Большая часть истории предстает на экране в виде воспоминаний главного героя, Пинка. Страшные картины второй мировой войны, гибель отца (все это на музыкальном фоне композиций «In The Flesh?», «The Thin Ice»); трудное послевоенное детство. Уже в эти годы строится стена отчуждения между Пинком и окружающим его миром, а гибель отца – первый кирпич в этой стене. В образе Пинка и его судьбе есть и автобиографические мотивы: отец Роджера Уотерса тоже погиб на войне.

Линия сюжета движется дальше… Школьные годы. На уроке учитель застает Пинка за сочинением стихов. С едким сарказмом он зачитывает их всему классу (эти стихи не что иное, как куплет композиции «Money» из альбома Pink Floyd «The Dark Side Of The Moon» 1973 года). После этого Пинк мечтает о том, как однажды все школьники соберутся вместе и побьют всех учителей. (В этот момент звучит композиция «Another Brick In The Wall. Part 2» – самая известная из этого альбома.) Рассказ о детстве Пинка заканчивается обобщением этого периода жизни героя. На композицию «Goodbye Blue Sky» идет мультипликационный видеоряд, в котором господствуют символы войны.

Проходят годы. Пинк уже взрослый мужчина, знаменитый рок-музыкант.
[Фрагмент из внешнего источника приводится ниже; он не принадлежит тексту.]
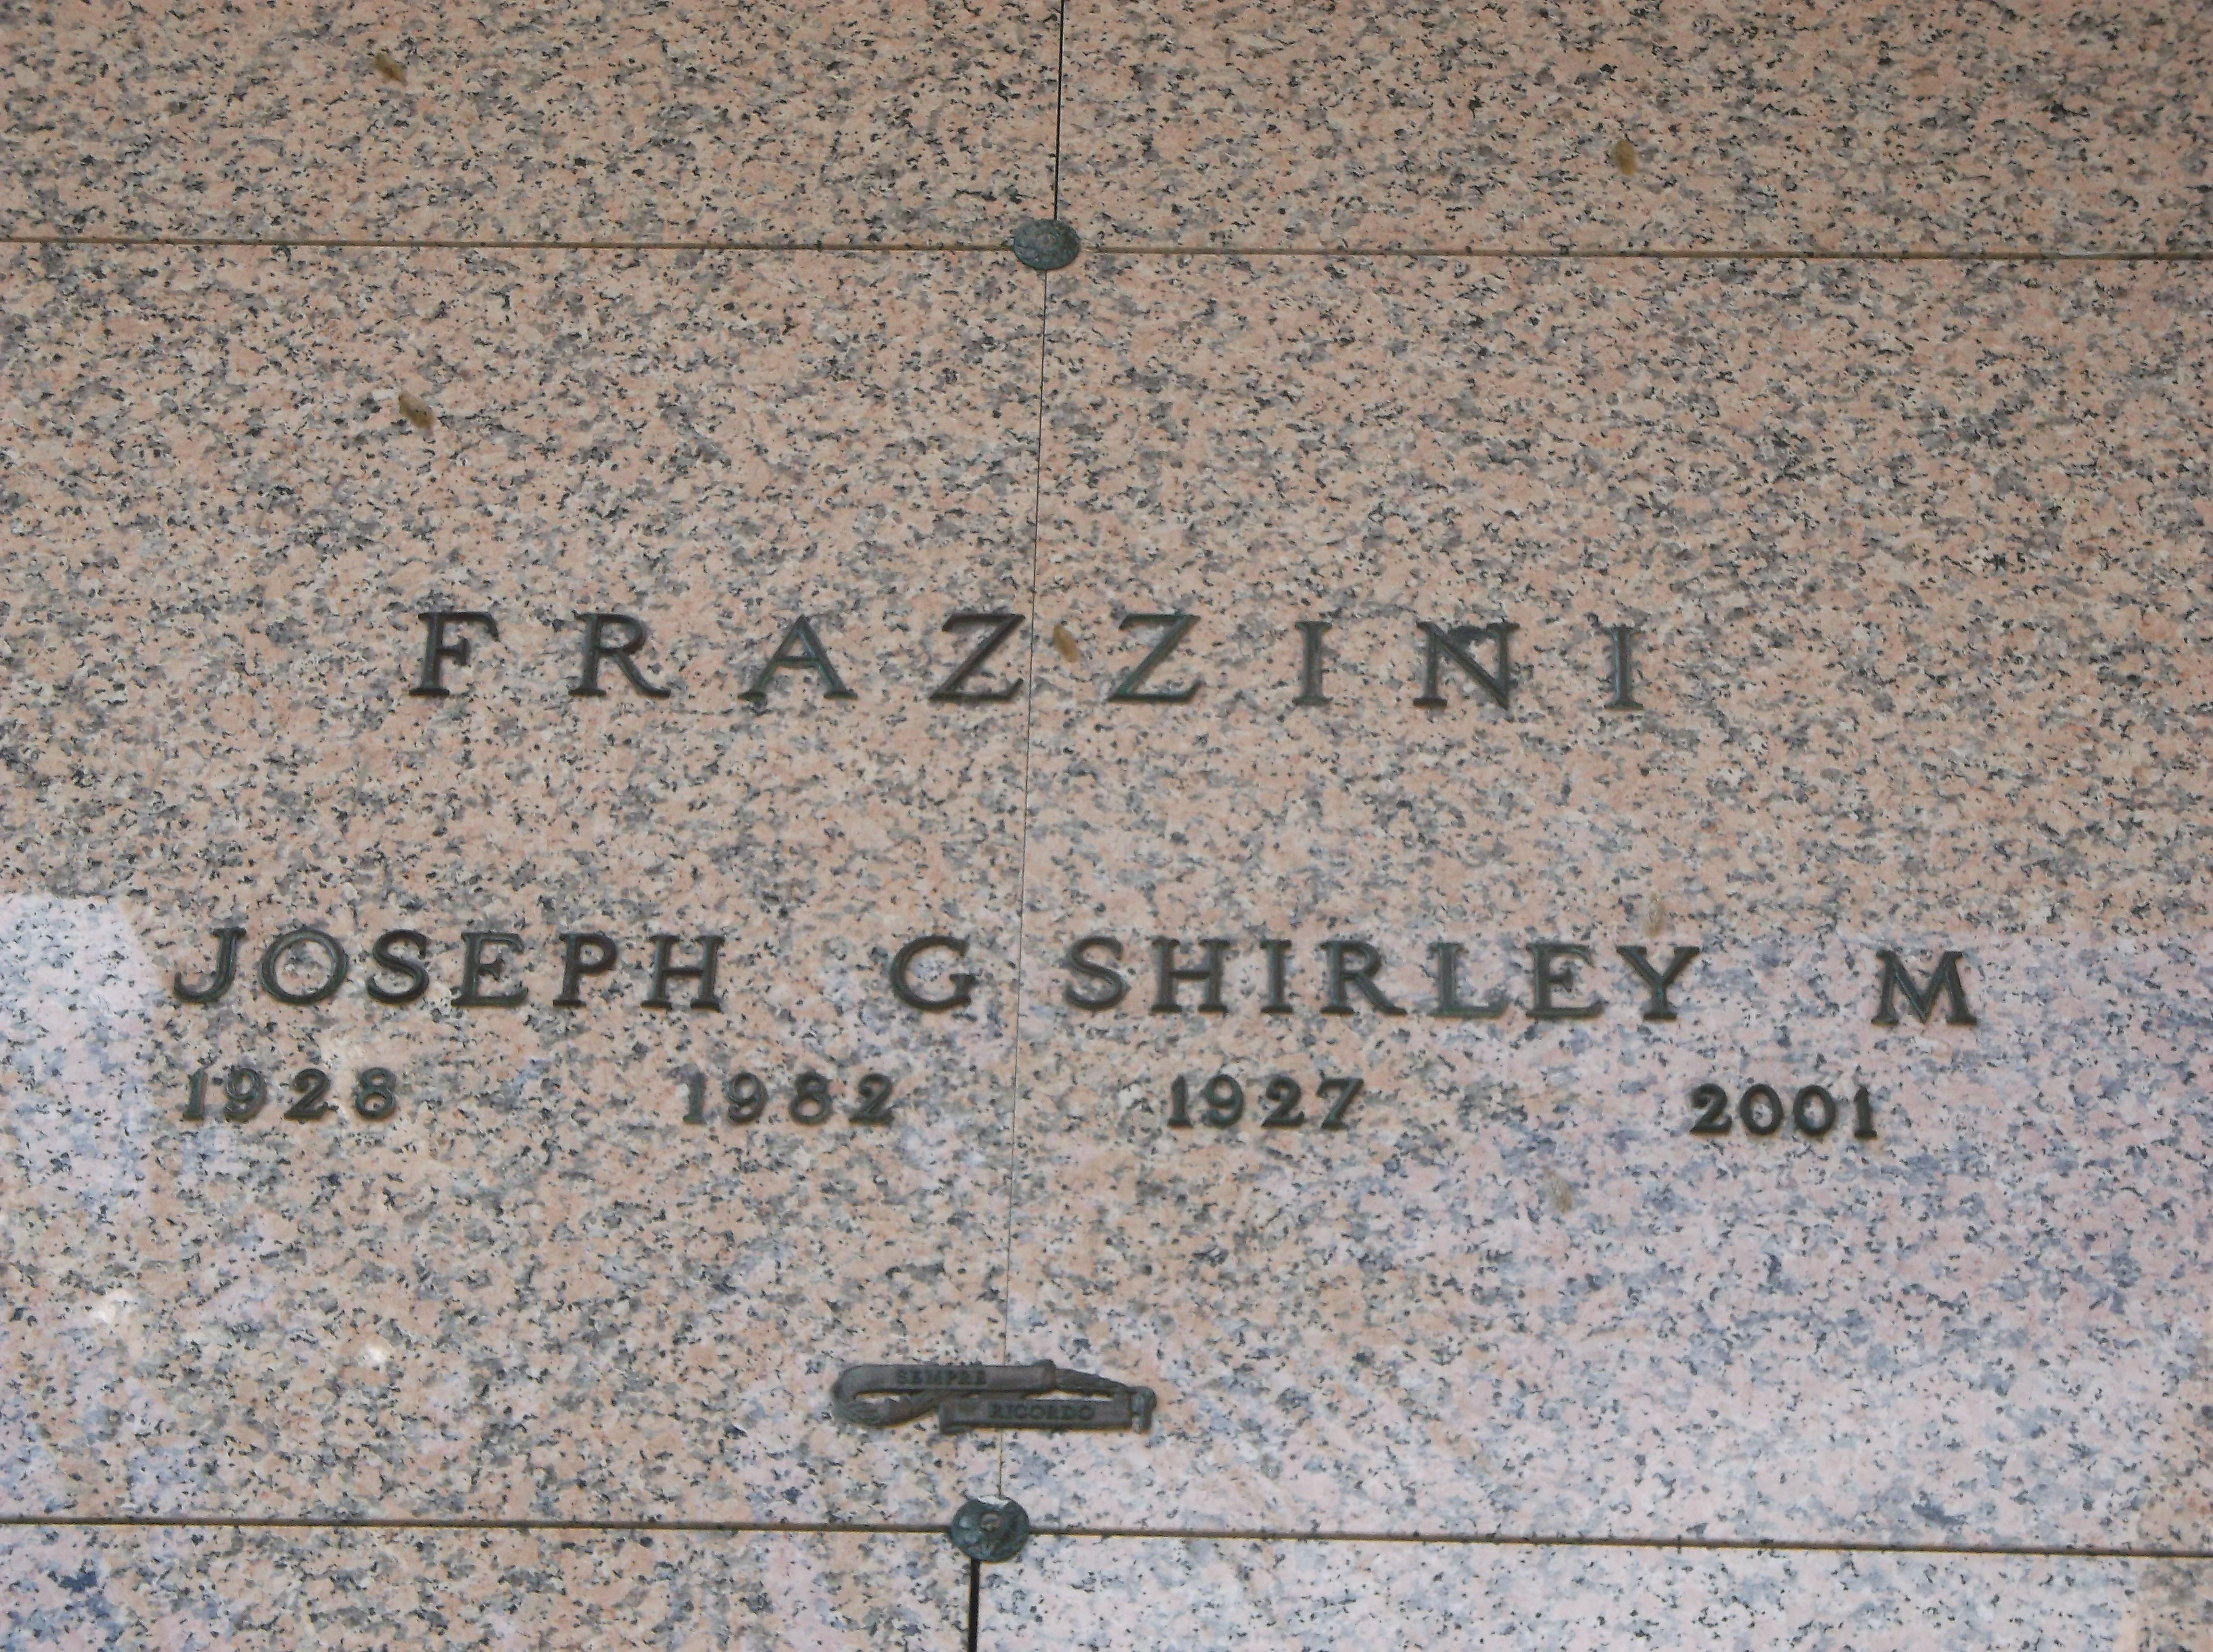 Shirley M Frazzini

Но с годами постепенно у него накапливались психологические комплексы, росла ненависть к людям. В результате он теряет всех друзей, от него уходит жена, и даже бурная рок-н-ролльная жизнь и восторги поклонниц его уже не радуют.

Снова идет мультипликационный видеоряд (два переплетающихся и расплетающихся цветка) на музыку композиции «Empty Spaces». В основе ее – тема любви и разрыва любовных отношений. Есть в этой композиции небольшой секрет – записанное наоборот сообщение: «Congratulations, you have just discovered the secret message. Send your answer to Old Pink of the Funny Farm, Chalfont» («Поздравляем, вы только что обнаружили секретное послание. Присылайте ваши ответы Старому Пинку на Смешную Ферму в Чалфонте»).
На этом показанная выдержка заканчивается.